Renewable Energy Science and Engineering

Researchers

Isaac Holmes-Gentle

Abstract

This proposal aims to significantly expand the Solar Fuels Database, which introduced a machine-readable framework for solar-to-fuel devices and an online data entry and visualization interface. The project's objective is to broaden the database to include additional solar fuels and technological pathways not covered previously. It will encompass various fuels such as carbon monoxide, syngas, formic acid, methane, ethanol, and extend to thermochemical redox cycles. Collaboration with global research communities will ensure comprehensive metadata capture. Standardized data reporting will enhance findability and dissemination of results. The project aligns with open-science objectives and encourages community contributions, resulting in a continually updated and openly accessible resource. This resource will consolidate prior work and offer a comprehensive overview to drive future research trends in advancing solar fuels for widespread implementation.

‘XYT’, a python package to analyze activity-travel behaviors, organization and scheduling

Category

Contribute

Institutions

EPFL

Data type

Digital data from urban dynamics

Field

Urban dynamics

Researchers

Marc-Edouard Schultheiss

Abstract

Today, more and more digital data are generated by urban dynamics. Yet, the generated data is extensive and heterogenous. Datasets are large, multi-sourced, often noisy, and come in various formats and standards. In addition, a particularity of urban data is its mix in terms of level of restriction. While geolocation data is private and sensitive, public transit schedules are open data. In this context, there is a need (i) to provide a framework to re-unify the multiformity of urban dynamics data, (ii) to articulate open and restricted data, (iii) to cohere offer and demand data, and (iv) to keep track of a privacy metric. This project proposes to develop and release an open Python package to address these four needs and therefore contribute to Urban Mobility Open Research Data practices.
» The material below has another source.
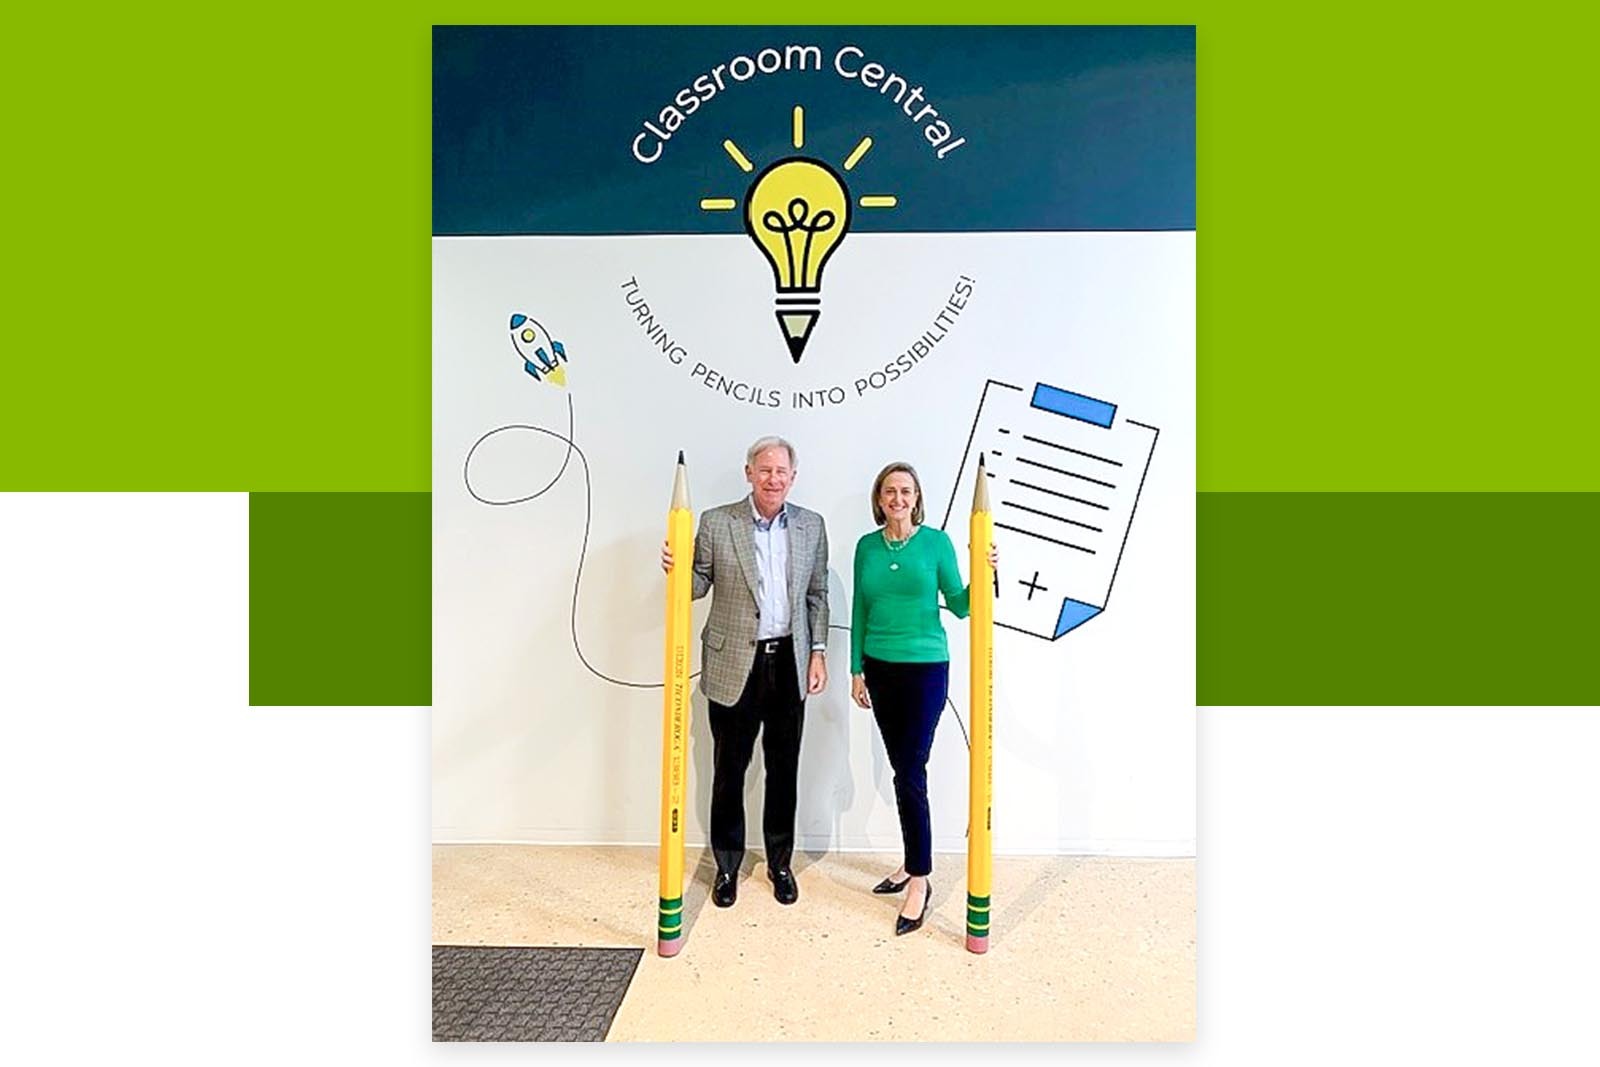 Two teachers standing next to the wall with Classroom Central...

MiShMASh: Microbiome sequence and metadata availability standards

Category

Contribute

Institutions

ETH Zurich

Data type

Microbiome data

Field

Microbiome research

Researchers

Lina Kim

Abstract

Microbiome research relies on vast datasets, demanding unrestricted data access and consistent metadata. This project addresses two core issues: ineffective sequence data statements and inconsistent metadata standards. It proposes a dual solution - a tier-based FAIR ORD standard and compliance assessment software. The project contributes open resources for diverse users, including researchers, journals, and funders. The validation software allows users to evaluate adherence to data and metadata standards, enhancing data reporting for better accessibility, interoperability, and future reusability.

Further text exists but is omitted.